Email messages may be disclosed in legal proceedings in the same way as paper documents. Deletion from a user’s inbox or archives does not mean that an e-mail is obliterated and all e-mail messages should be treated as potentially retrievable, either from the main server or using specialist software
.
8. PERSONAL USE OF UNIVERSITY SYSTEMS (STAFF)
The University permits the incidental use of its internet, e-mail and telephone systems to send personal e-mail, browse the web and make personal telephone calls subject to certain conditions. Our policy is that personal use is a privilege and not a right. The policy is dependent upon its not being abused or overused and we reserve the right to withdraw our permission or amend the scope of this policy at any time. Staff should refer to the staff code of conduct for further information.
9. DISCLAIMER.
The University makes no representations about the suitability of this service for any purpose. All warranties, terms and conditions with regard to this service, including all warranties, terms and conditions, implied by statute, or otherwise, of satisfactory quality, fitness for a particular purpose, and non-infringement are excluded to the fullest extent permitted by law.

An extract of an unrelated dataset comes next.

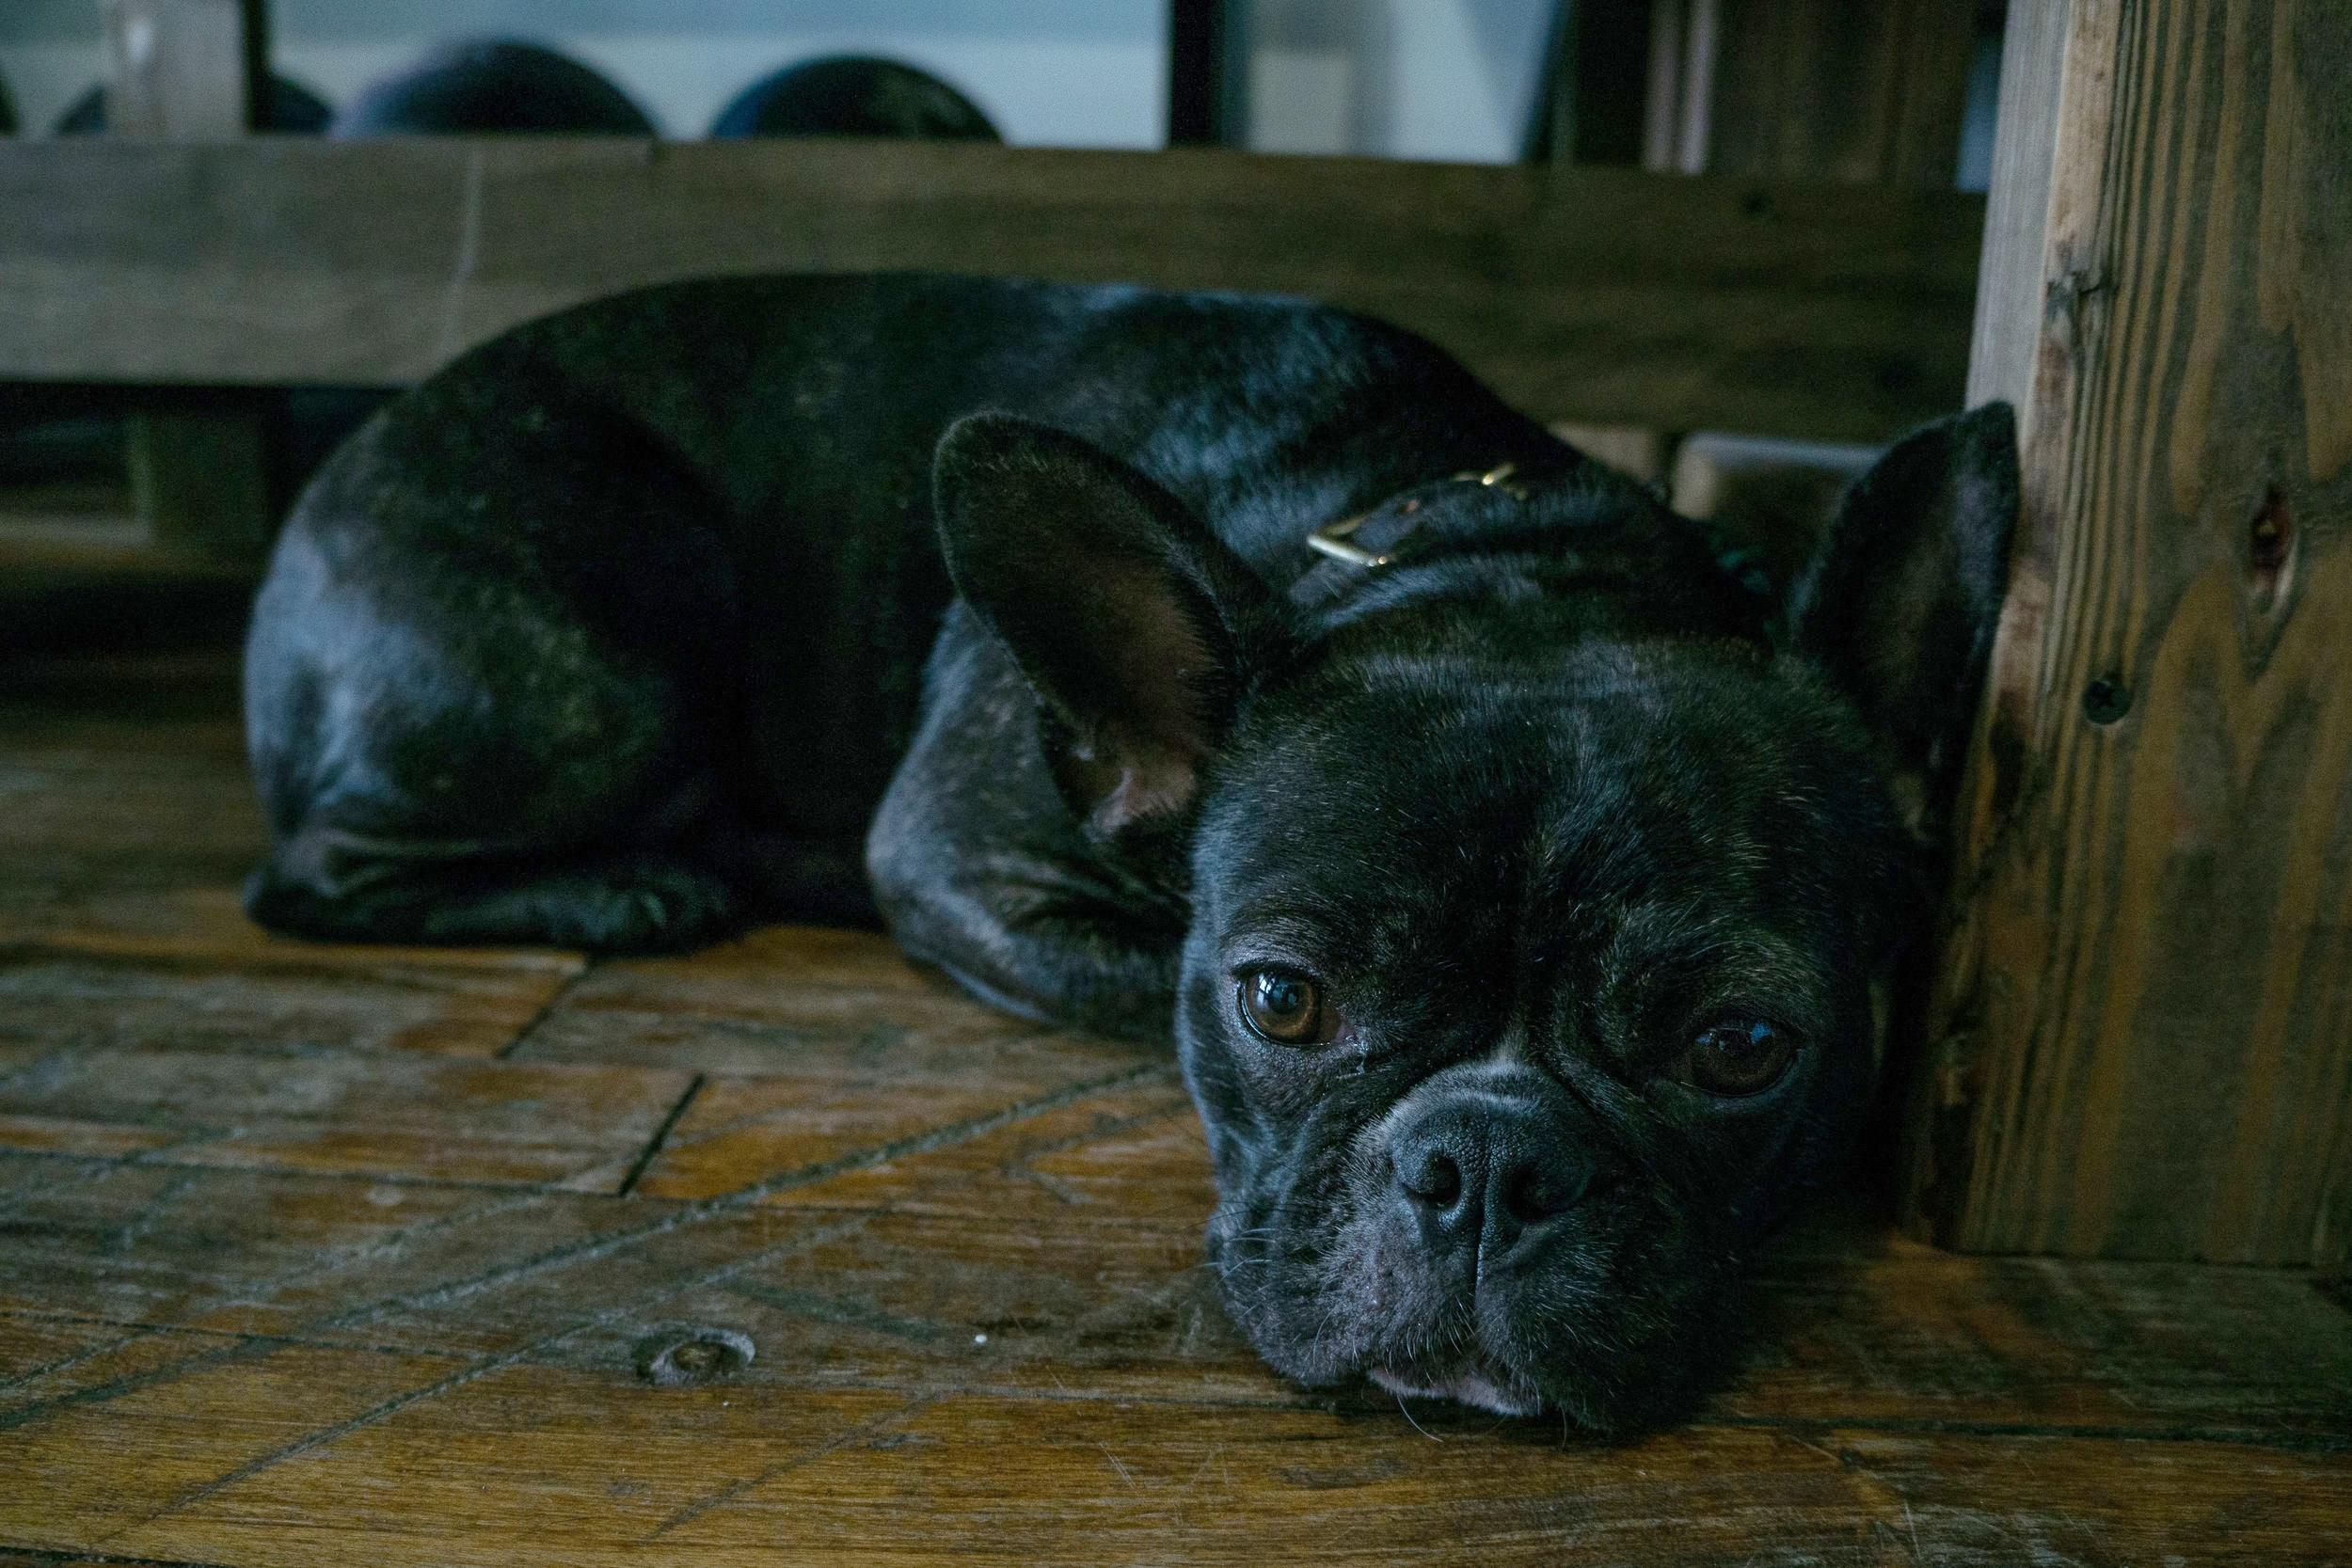 vickygood_photography_dog_series.jpg

The University shall not in any event be liable for any damages, costs or losses (including without limitation direct, indirect, consequential or otherwise) arising out of, or in any way connected with, the use of the service, or with any delayed access to, or inability to use the service and whether arising in tort, contract, negligence, under statute or otherwise.
Nothing in these terms excludes or limits liability for death or personal injury caused by the negligence of the University in providing this service.
Appendix A.
LAW
Applicable laws and policies include the following together with any amendments and any superseding legislation which may be enacted. a. Obscene Publication Act 1959 & 1964 b. Protection of Children Act 1978 c. Police and Criminal Evidence Act 1984 d. Copyright, Designs & Patents Act 1988 e. Computer Misuse Act 1990 f. Human Rights Act 1998 g. Data Protection Act 1998 h. Regulation of Investigatory Powers Act 2000 i. Freedom of Information Act 2000 j. Employment Code of Practice 2002 (link) k. Prevention of Terrorism Act 2005 l. Terrorism Act 2006 m. Police and Justice Act 2006
Applicable policies include: a.
JANET Acceptable Use Policy b.
Institutional Information Security Policy (under construction) c.
Institutional Communications Policy (under construction) d.
Chest Code of Conduct
This list is not exhaustive and will be subject to change.